ACTION ITEM: What is needed here is an exact printout of the data, with no pictures included.

DATA EXTRACT:
====
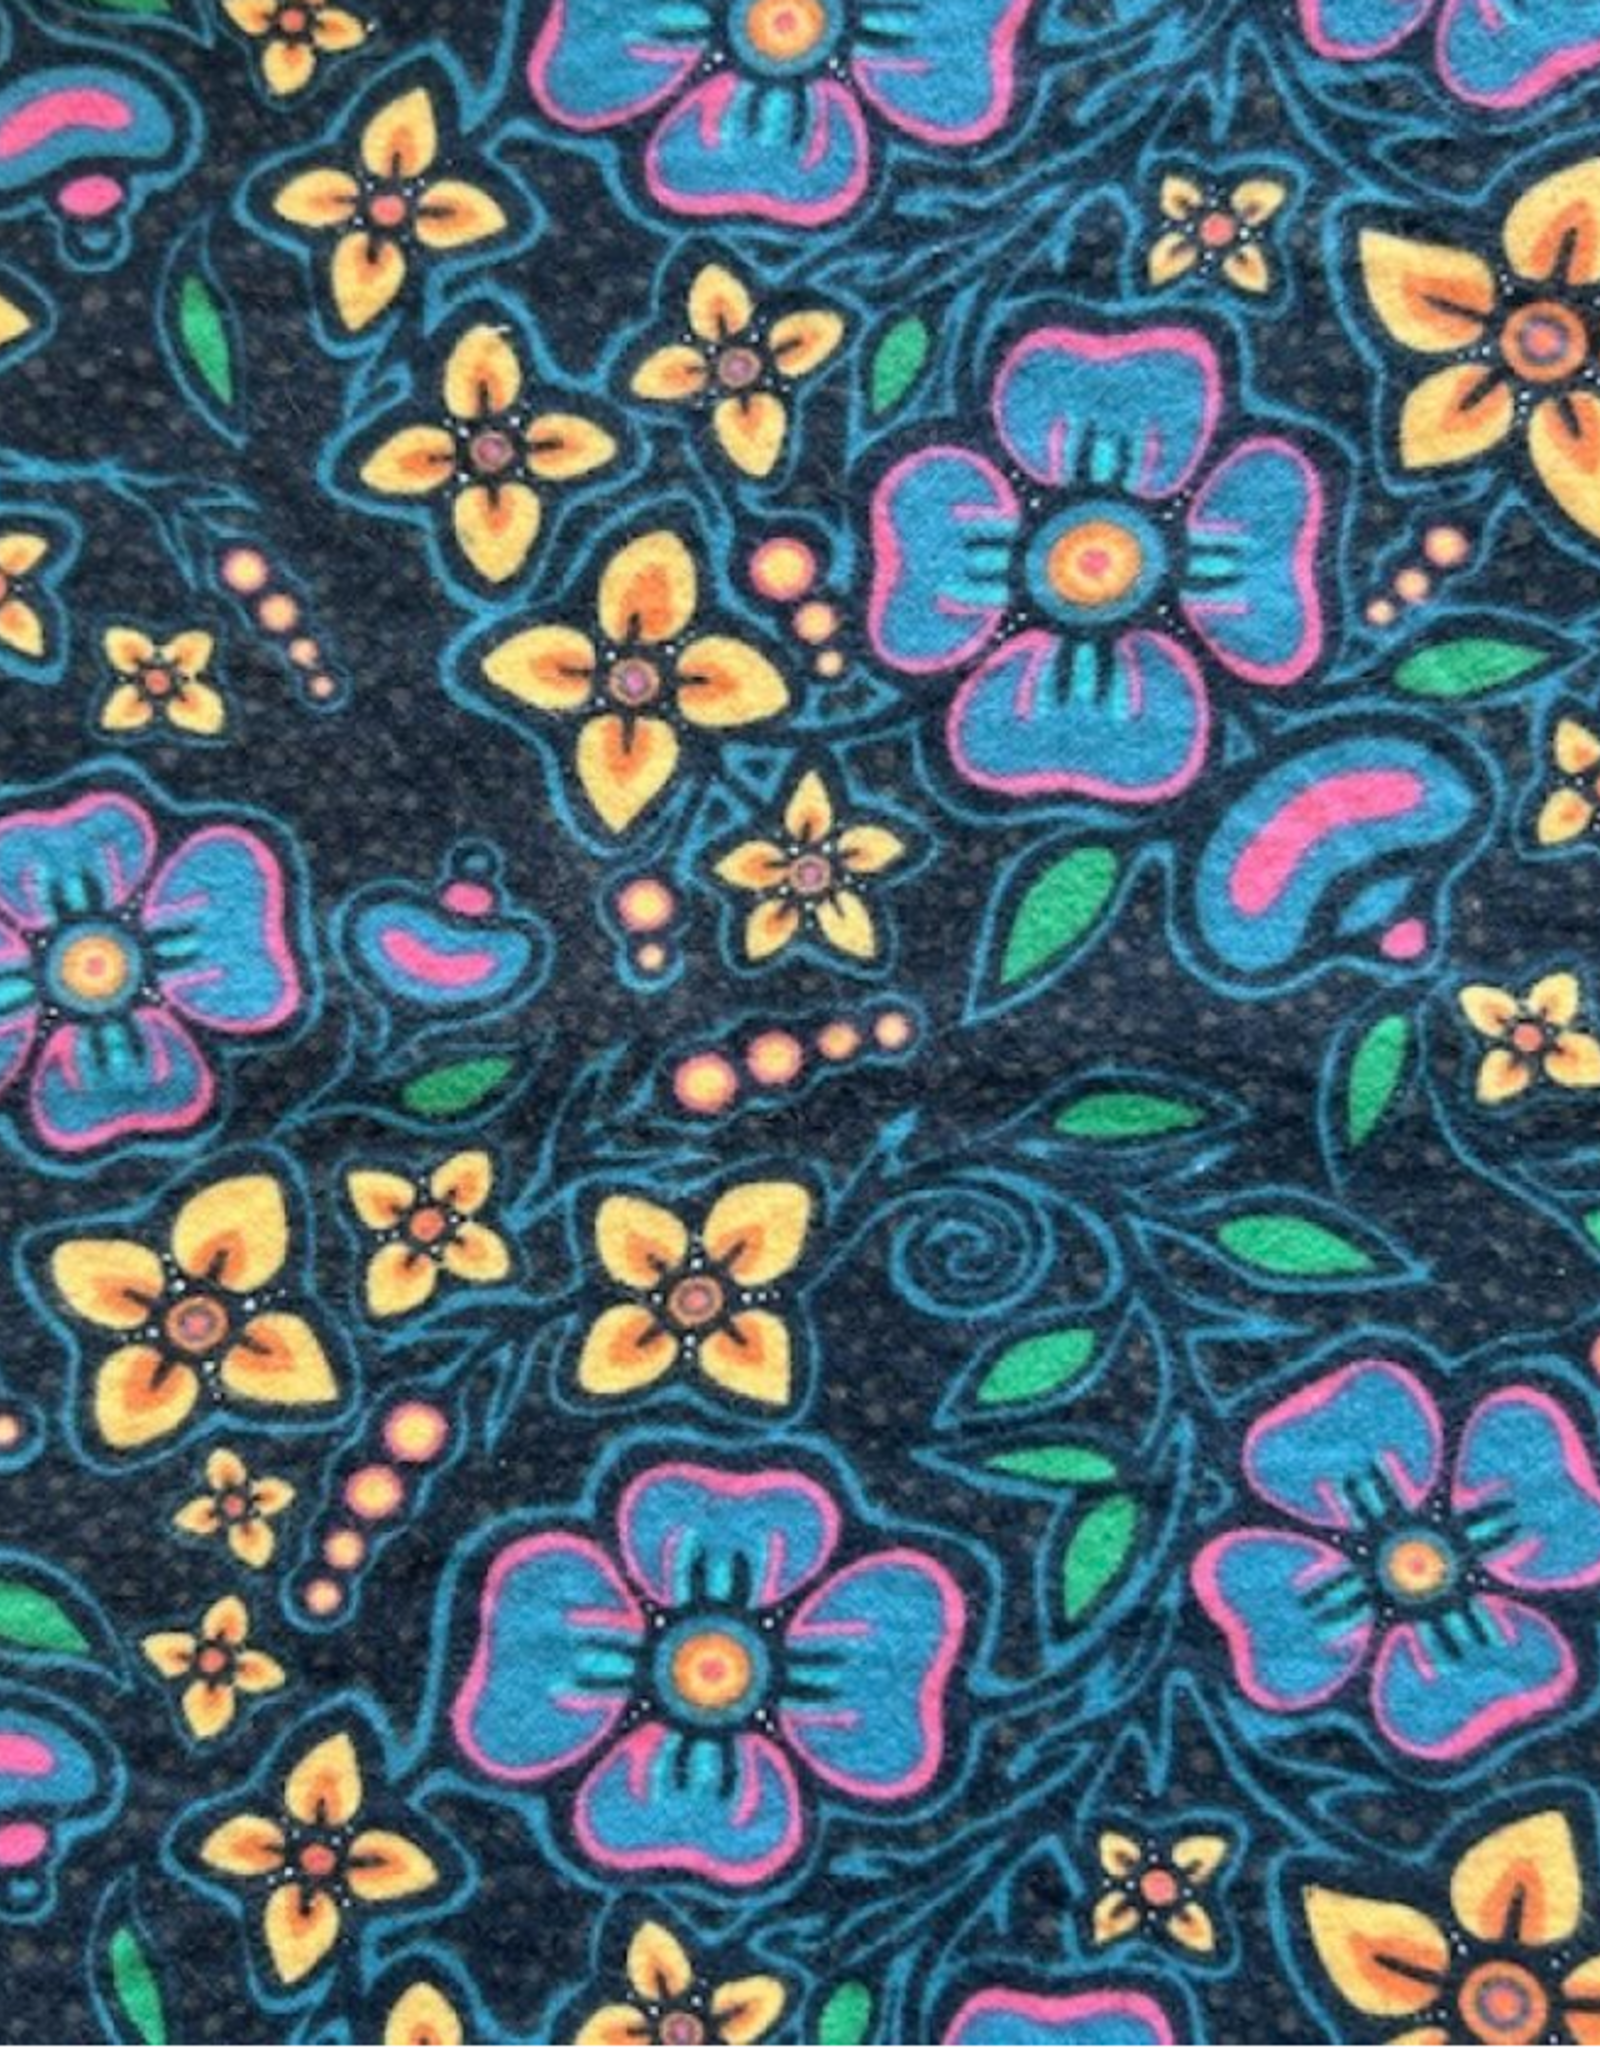 Ojibway Florals Flannel by Jackie Traverse  Black
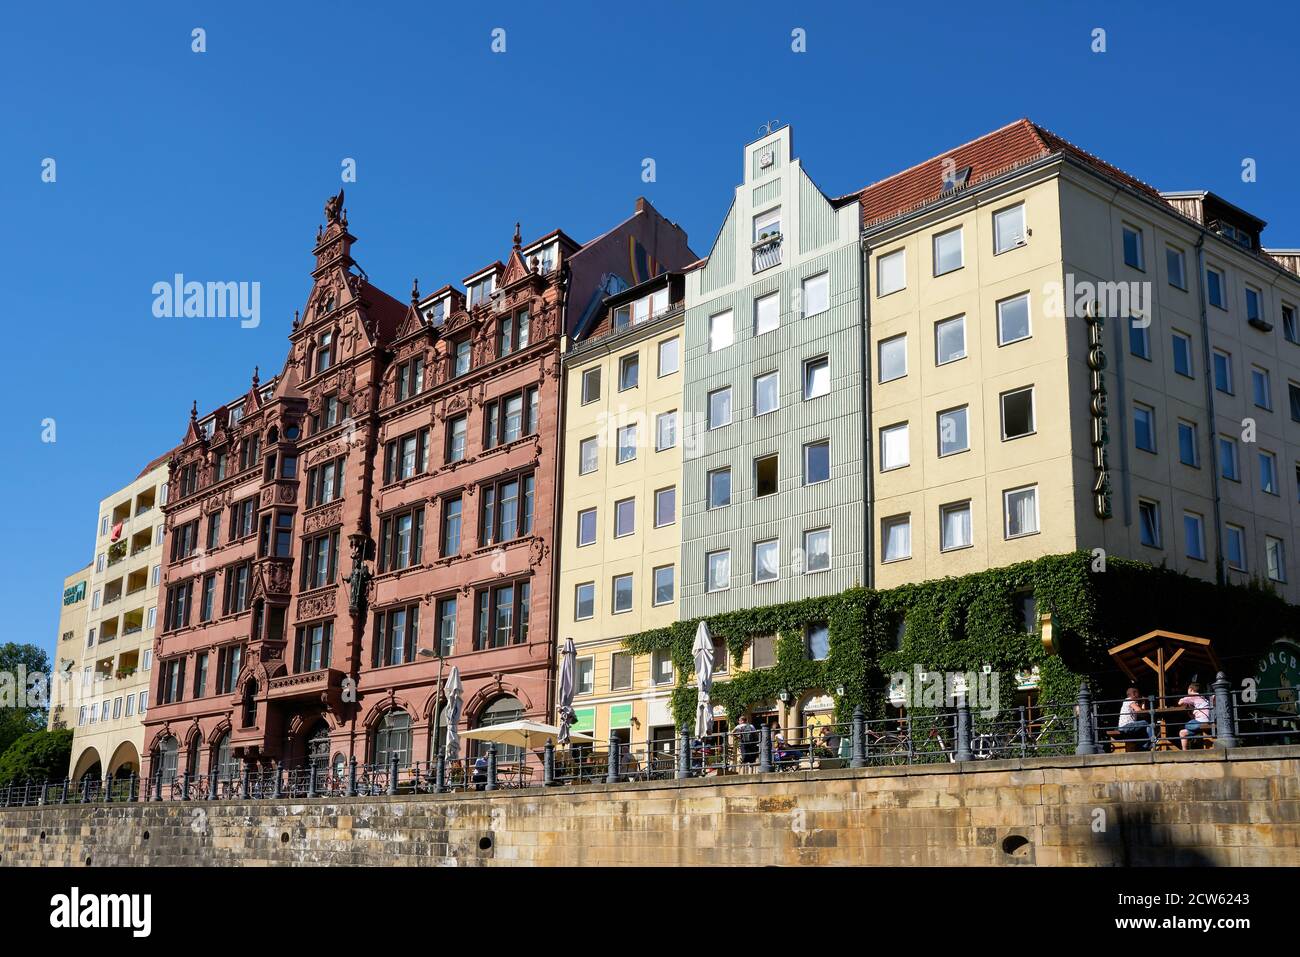 buildings in the Nikolai-Quarter in Berlin seen from the river Spree Stock Photo
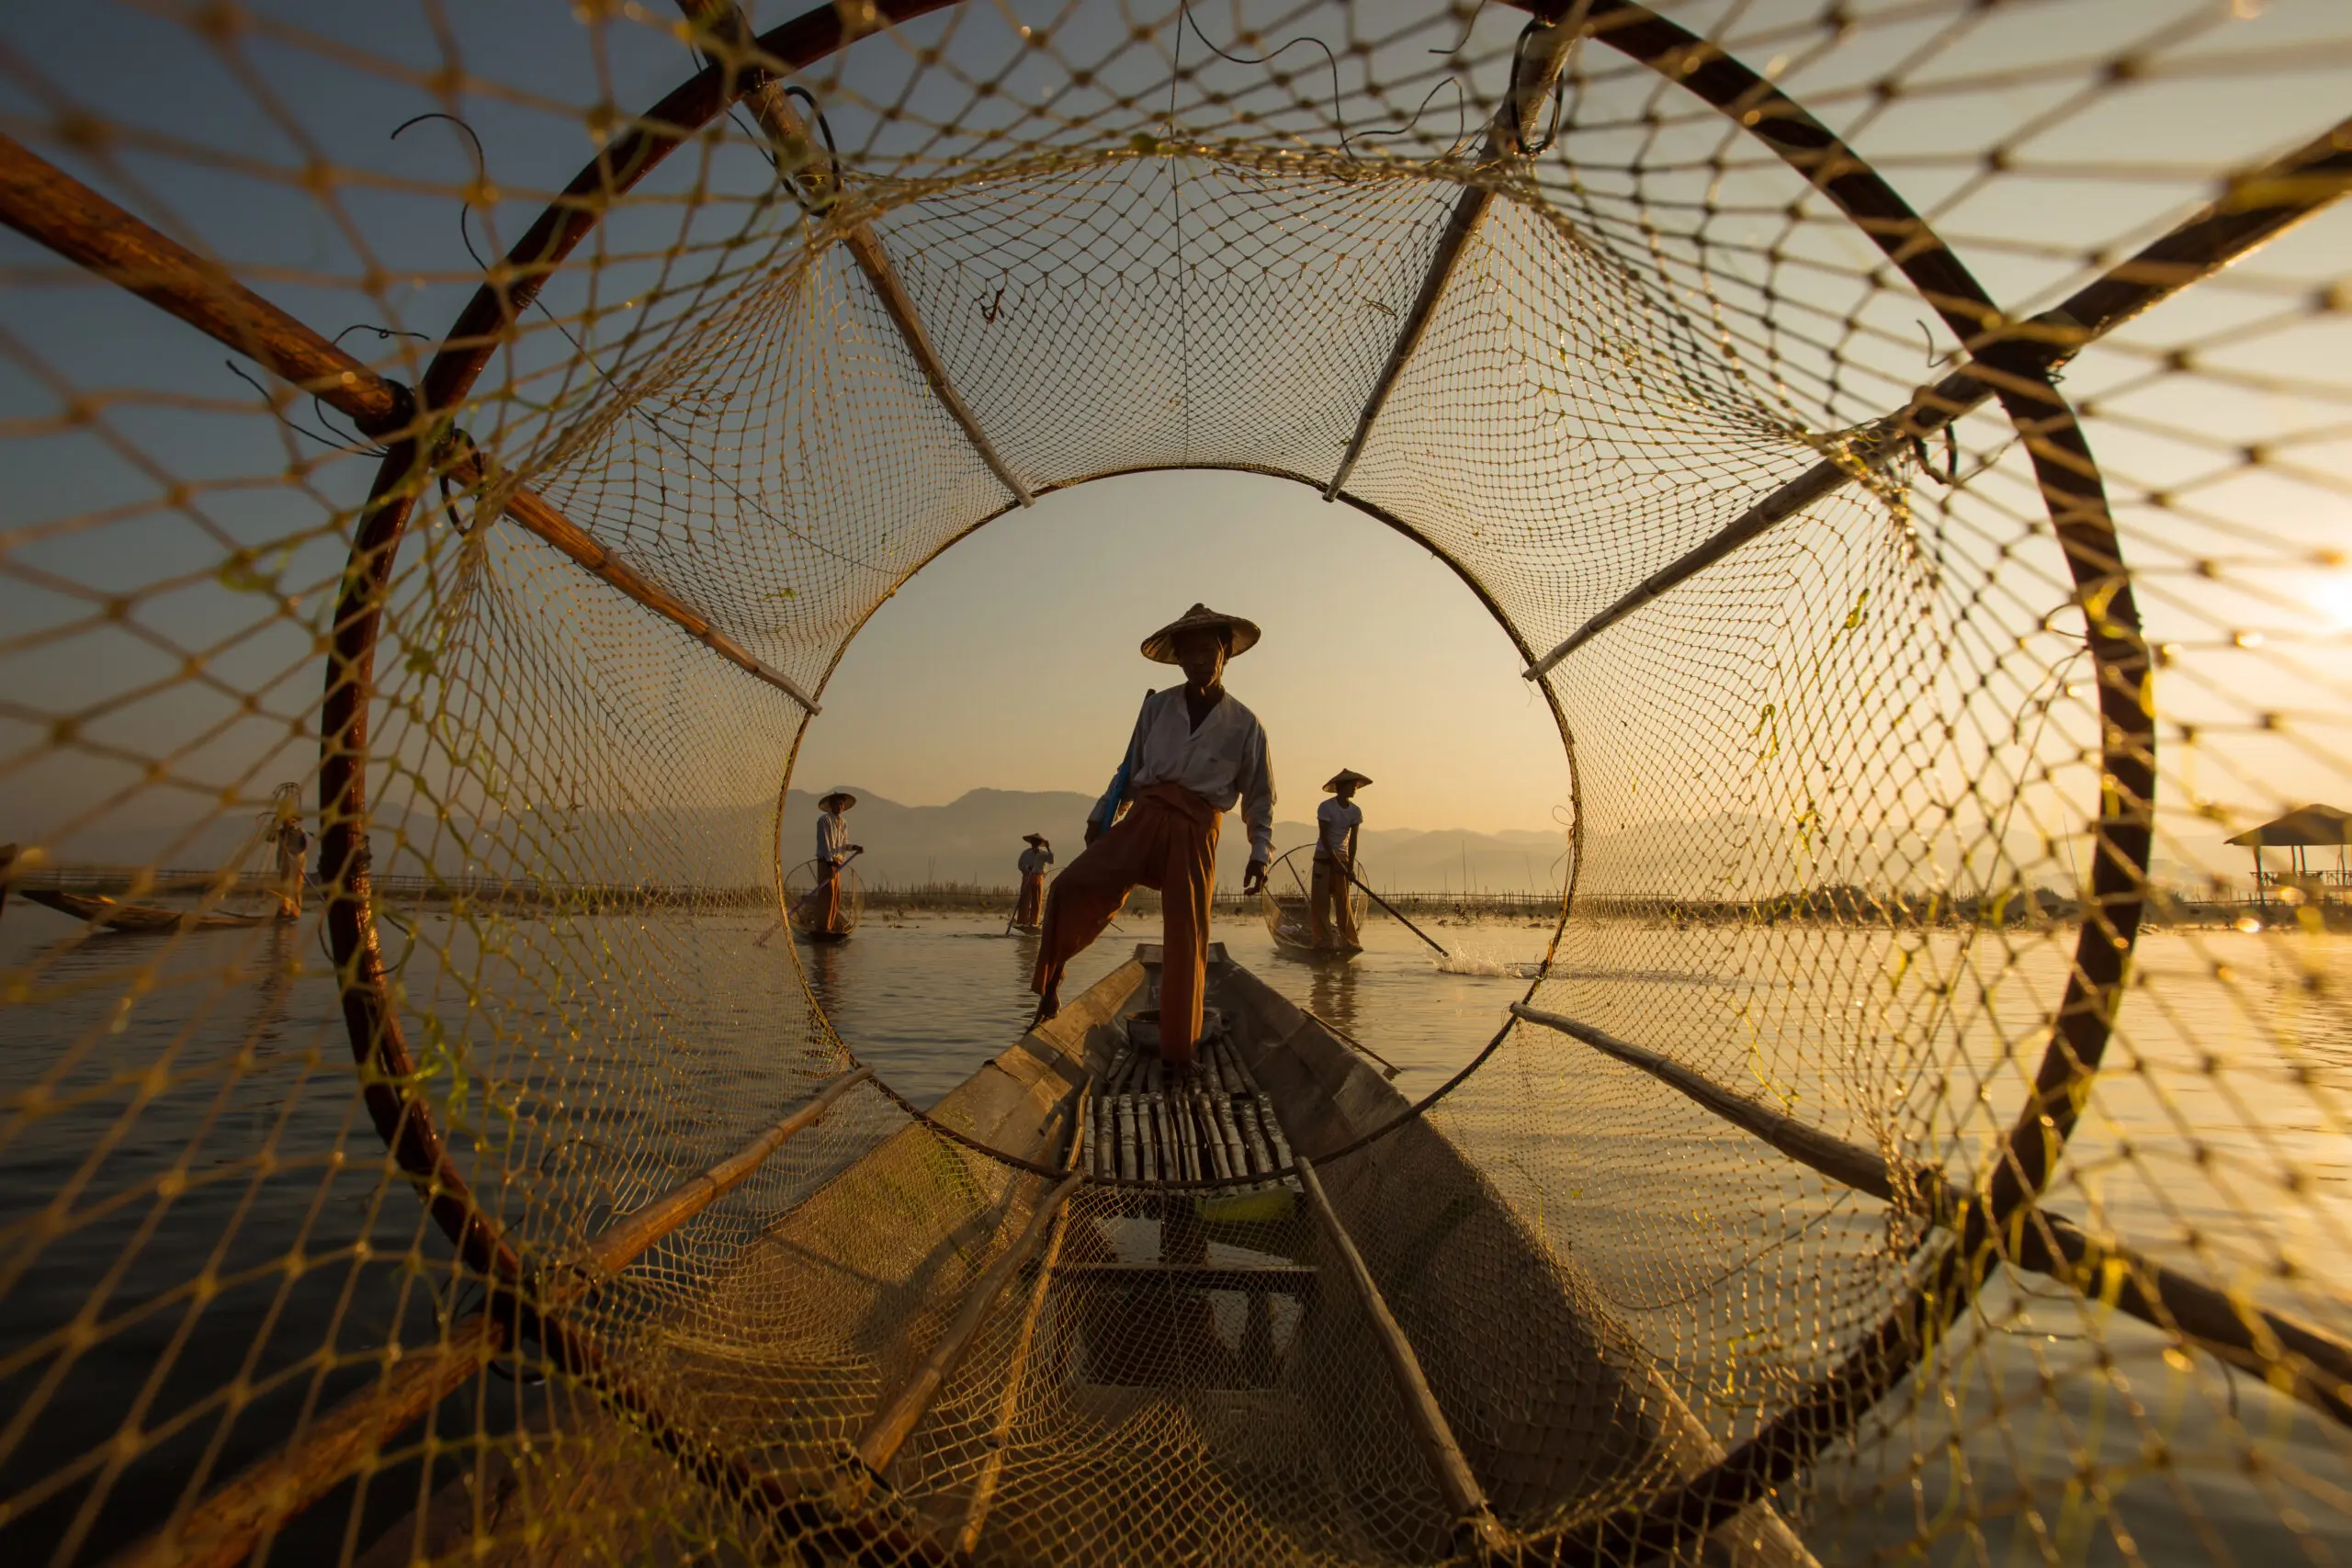 Wandbild (5703) Inle Fisherman by Guanarto Song, 1x.com präsentiert: Menschen,Wasser,Natur,Landschaften,Sommer,Asien,Gewässer,Männer,Seen,Wasserspiegelungen
====
THE COMPLETED TASK:
 Ojibway Florals Flannel by Jackie Traverse  Black
 buildings in the Nikolai-Quarter in Berlin seen from the river Spree Stock Photo
 Wandbild (5703) Inle Fisherman by Guanarto Song, 1x.com präsentiert: Menschen,Wasser,Natur,Landschaften,Sommer,Asien,Gewässer,Männer,Seen,Wasserspiegelungen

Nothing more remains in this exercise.